Adelita understood this better than anyone.
At last, the clothing store she worked at was in sight. She quickened her pace, practically running to the door. Once she was inside, she shut it behind her and let out a sigh of relief.
"Lita!" called a sixteen-year-old Hispanic girl with short black hair. She was folding blouses onto the display shelves. "You made it! When you didn't call, we were starting to think something had happened to you!"
Lita pulled down her hood, revealing her long black ponytail. "Sorry to worry you, Carmen. I'm only three minutes late."
"Yeah, but…" Carmen grew quiet. "You know. Anything could've happened."
"I'll help you with those after I put my stuff away and clock in," Lita said, walking past her to the break room.
She came out a few minutes later in a burgundy polo, matching Carmen's, and started folding shirts alongside her colleague.
"Am I doing this right?" Carmen asked, holding up her folded pink blouse.
"Relax, you're doing fine," Lita said, waving her hand. "Much better than I did in my first week."
The teenager sighed. "I just don't wanna lose this job, you know? My mamá and papá are having a hard enough time already with their jobs. Doesn't help that our house was robbed last month."
"Uh-huh," Lita muttered, folding a bright blue t-shirt.
"Just don't know how I can balance this with school." She turned to the older woman. "How'd you do it when you were my age?"
"I dropped out of tenth grade," Lita said bluntly.
Carmen's eyes widened. "That…may not be the best example to follow."
"Why'd you drop out?"
Lita paused in her folding. "We needed money. Had to work full-time."
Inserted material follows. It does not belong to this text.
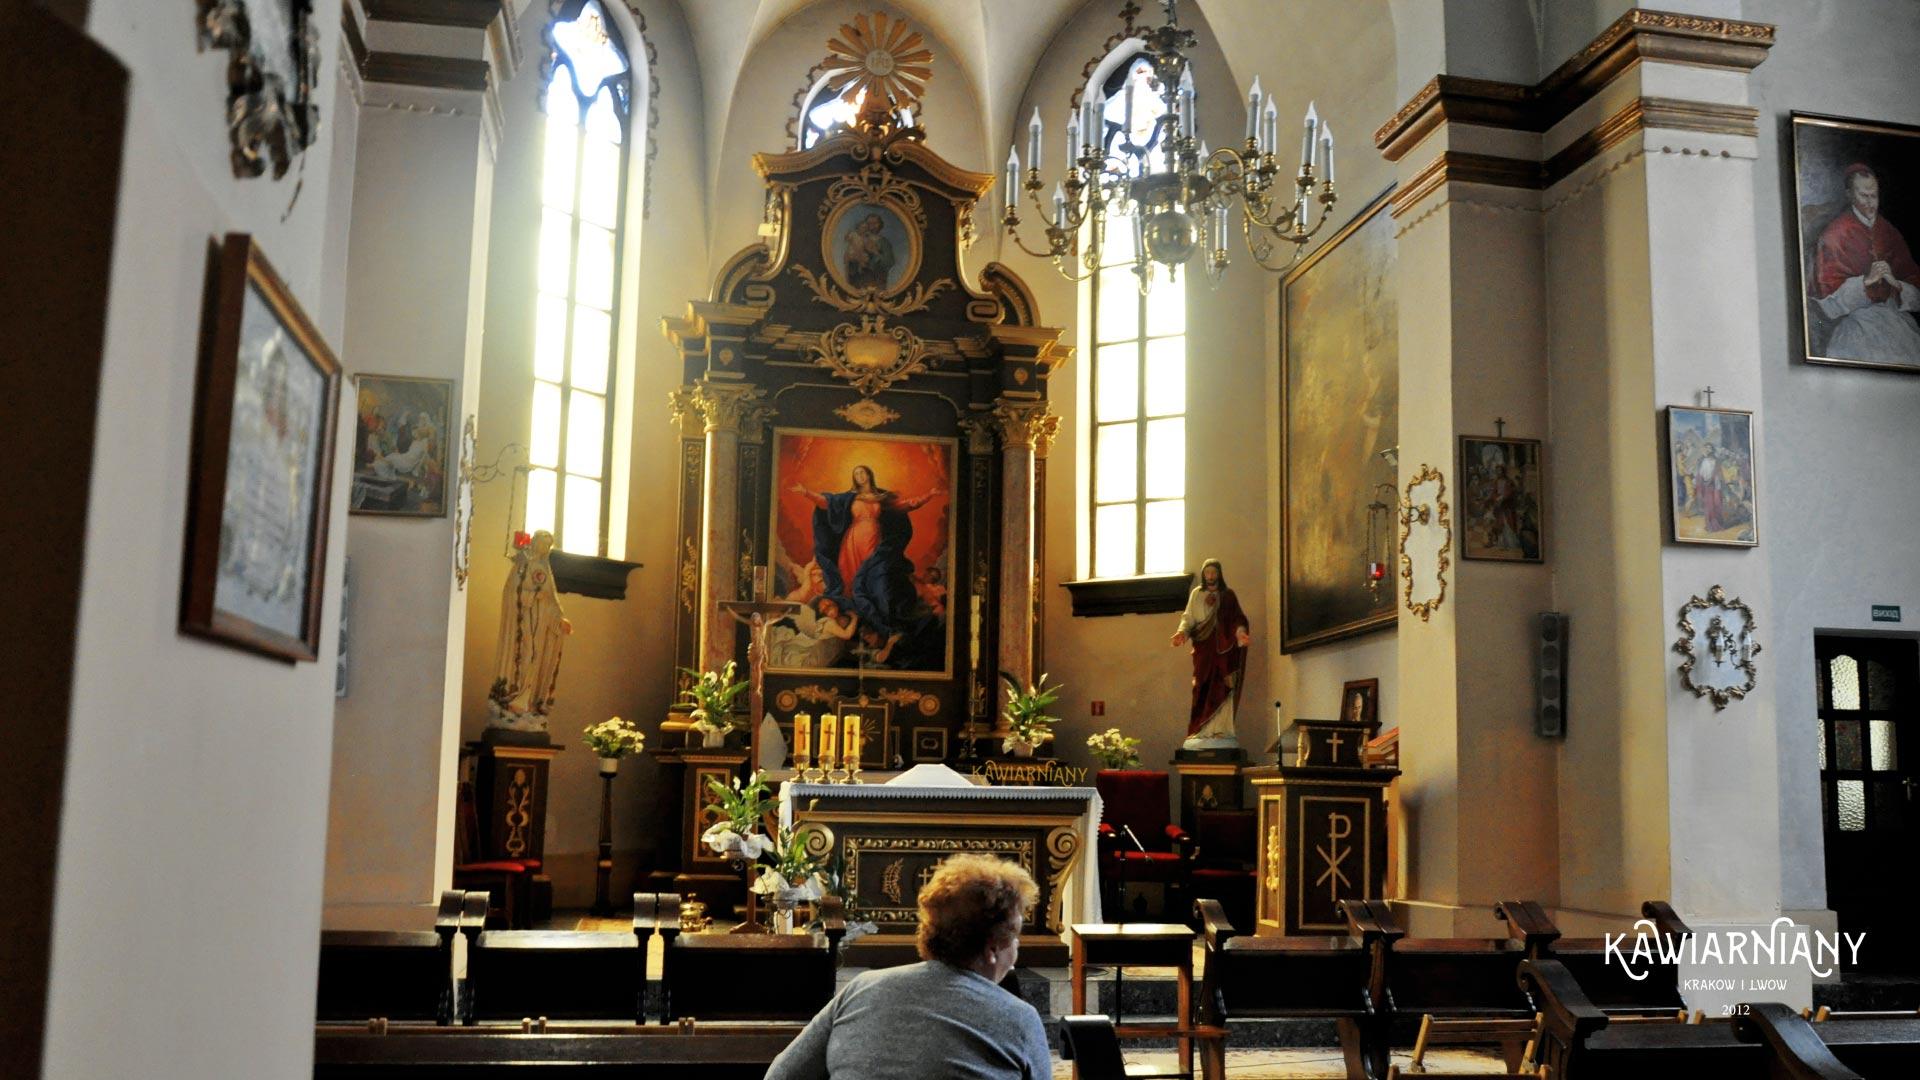 Kościół Wniebowzięcia Najświętszej Maryi Panny w Truskawcu

"Gee." Carmen shook her head. "Why'd we have to live on this island?"
"None of us can afford to leave."
"True. Every time we try to earn a little cash, some thug steals it all."
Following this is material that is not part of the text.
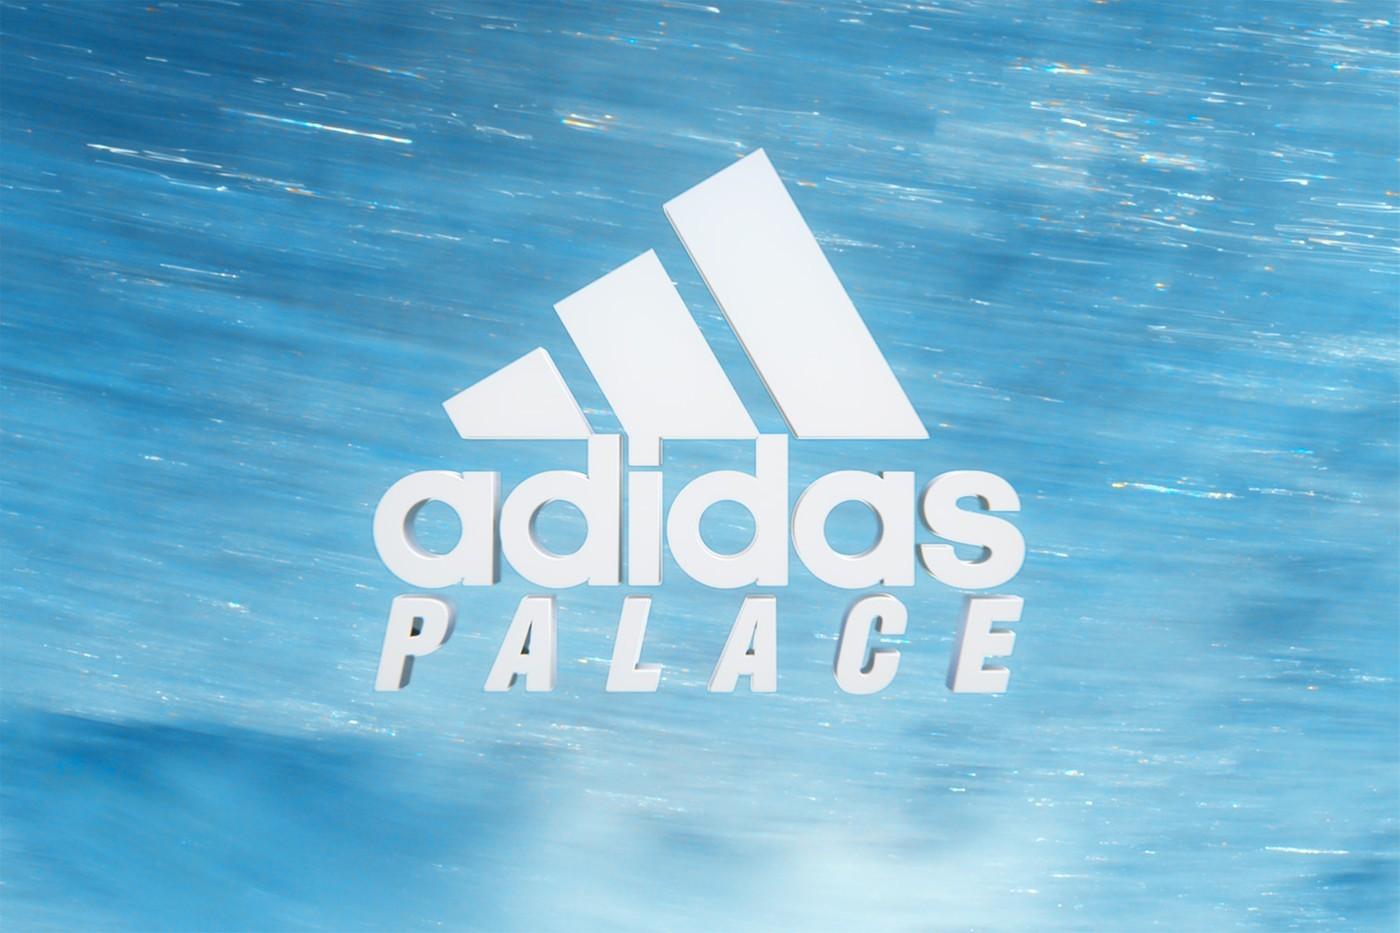 palace和adidas全新的Sunpal合作

"Can't say I blame them," Lita murmured.
The teen turned to her. "Say what now?"
The bell over the door rang, alerting the girls.
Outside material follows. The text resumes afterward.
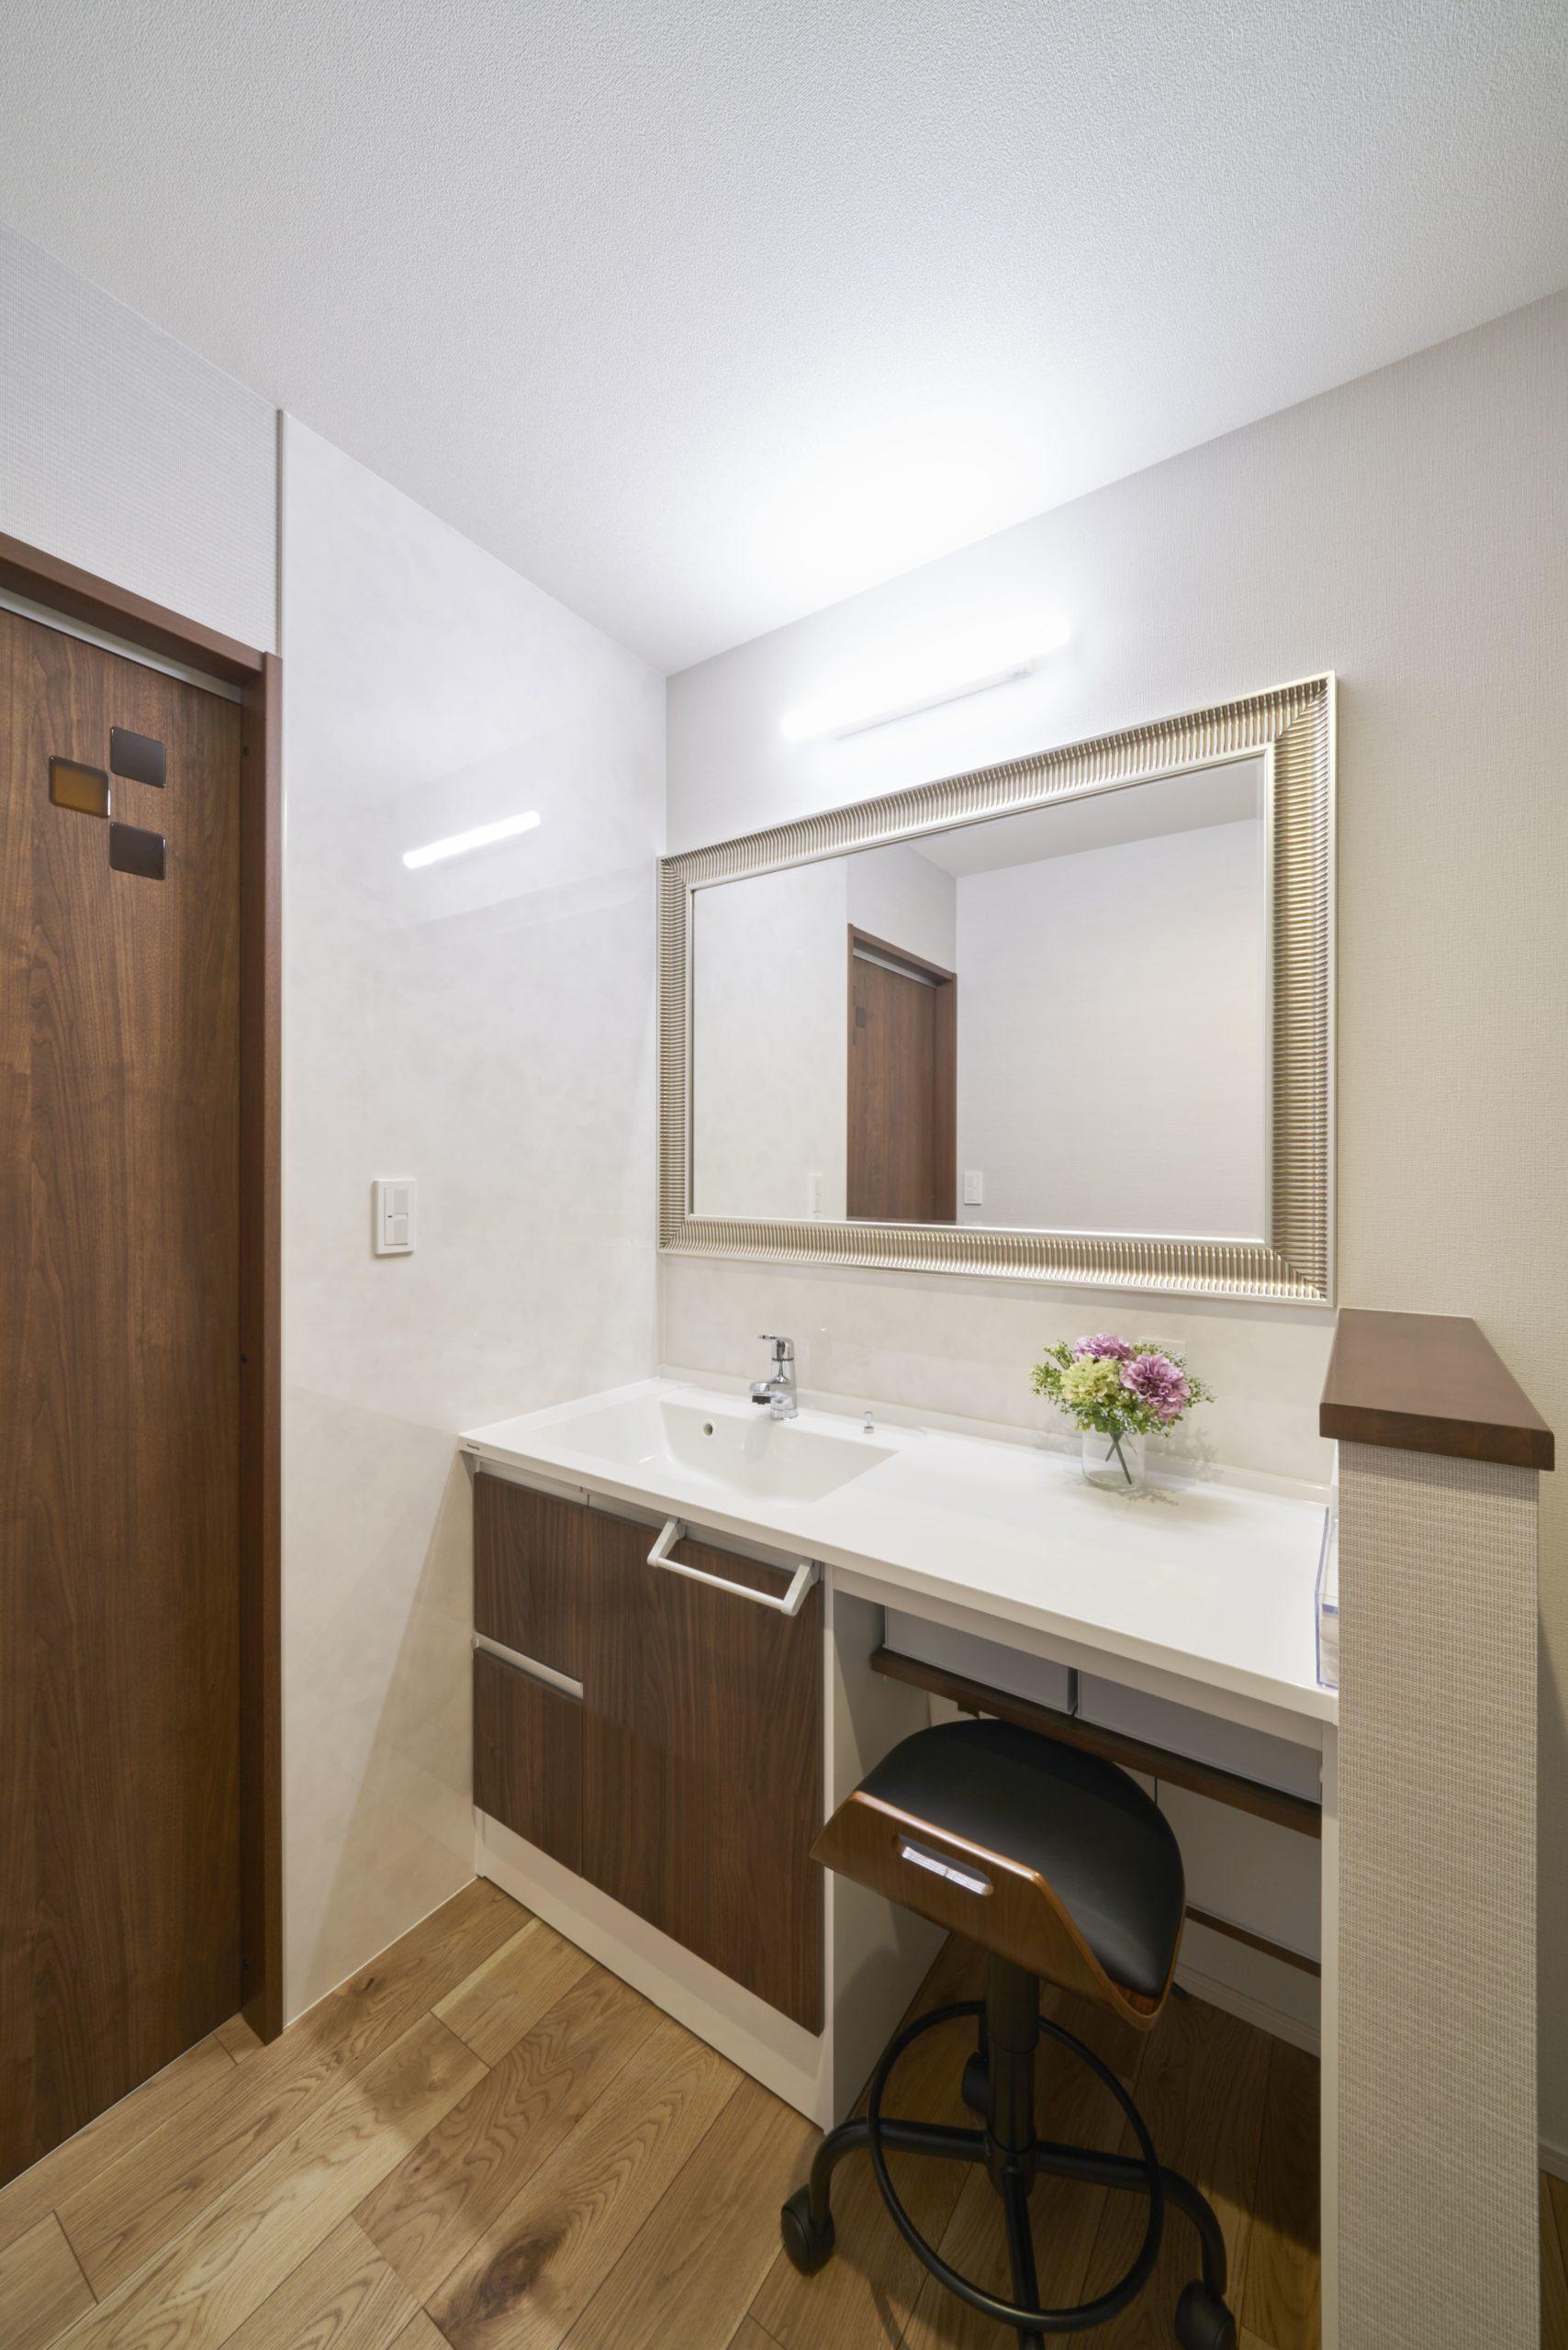 エントランスの横には大きな鏡を配した洗面台とトイレが。お嬢様が並んでメイクができるゆったりしたドレッシングスペース。帰宅後の手洗い動線も確保でき、新しい生活様式にも対応している。

"Customer," Lita whispered. "Smiles up."
Big grins were instantly plastered on their faces. Carmen's was a little strained. A blonde woman in her thirties, wearing a purple pantsuit was coming up to them.
"You wanna get this one or shall I?" Lita whispered.
"I can do it." Carmen walked up to the woman. "Buenos noches, señora, welcome to Los Vestidos de Victoria! How may I help you?"
"Yes," the woman said, pointing at a red dress on the rack. "Does this dress come in purple?"
Carmen froze. "Um…I, uh…"
She glanced at Lita for help. Sighing, the older employee came to her rescue.
"Certainly, señora," Lita said, folding her hands behind her back as she grinned. "We don't have one on display now, but we'll have a quick look in the back, if you don't mind waiting."
She tilted her head towards Carmen. Getting the message, she raced back to the storeroom. She returned a few minutes later saying she couldn't find any purple dress in that style.
"Maybe you could try the red dress?" Carmen suggested.
"I don't like red," the customer said, crossing her arms.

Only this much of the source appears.